Anche la bellissima e bravissima Sabrina Colle ha letto un estratto dal libro rendendo tutto il pubblico ancora piu partecipe ed immerso nell’evento commentando “La Cappella Sistina dei poveri” di Gaudenzio Ferrari.

Vittorio Sgarbi

Tra paragoni musicali, mirabolanti voli e aneddoti incredibili, Vittorio come sempre incanta e con grande ammirazione e la luce negli occhi e nel cuore stasera abbiamo fatto tutti un viaggio nel tempo!

Il libro è consigliatissimo, anche a chi vuole avvicinarsi per la prima volta a questi capolavori.

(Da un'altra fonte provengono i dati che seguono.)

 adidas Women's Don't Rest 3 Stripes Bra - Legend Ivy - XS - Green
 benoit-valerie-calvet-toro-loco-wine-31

Non c’è, probabilmente, nella storia umana e nella sua espressione attraverso l’arte, momento più alto e fervido d’invenzioni di quello che va dalla metà del Quattrocento alla metà del Cinquecento, da Piero della Francesca a Pontormo. A Firenze, e non solo a Firenze, ma a Venezia, a Ferrara, nelle Marche, in Sicilia, in Sardegna, in Friuli, in Lombardia, gli artisti danno vita a quello che è stato chiamato, con conferente definizione, ‘Rinascimento’.

Sabrina Colle

 

Anche prima di quegli anni l’arte era stata sublime, ma Piero della Francesca la arricchisce di una intelligenza che trasforma la pittura in pensiero, in teorema, ben oltre le esigenze devozionali. Davanti alla Flagellazione di Urbino non è più sufficiente l’iconografia religiosa, e così davanti alla Annunciata di Antonello da Messina, alla Tempesta di Giorgione, all’Amor sacro e Amor profano di Tiziano, alla Deposizione di Cristo di Pontormo. Di anno in anno appaiono capolavori sempre più sorprendenti. Tra 1470 e 1475 la creatività dei pittori e degli scultori raggiunge vette inattingibili; ma sarà così, di quinquennio in quinquennio, fino alla metà del Cinquecento. Sono gli anni di Mantegna, Cosmè Tura, Botticelli, Leonardo, di Raffaello, di Michelangelo, ma anche di Giovanni Bellini, di Lorenzo Lotto, di Tiziano, di Correggio, di Parmigianino. Sono gli anni delle meraviglie, in cui l’artista si sfida, in un continuo superarsi…” (Vittorio Sgarbi) Introduzione di Furio Colombo. Postfazione di Gian Antonio Stella.

Vittorio Sgarbi

Vittorio Sgarbi

 

Vittorio Sgarbi dedica ad Alida Altemburg

 

 

Qui potete acquistare il libro sia in formato ebook sia cartaceo:

 

http://www.amazon.it/meraviglie-Francesca-Pontormo-tesoro-dItalia/dp/884527747X

 

Buona lettura!

 

Alida Altemburg

 

Ps: non dimenticate di seguire Vittorio Sgarbi: www.vittoriosgarbi.it ;)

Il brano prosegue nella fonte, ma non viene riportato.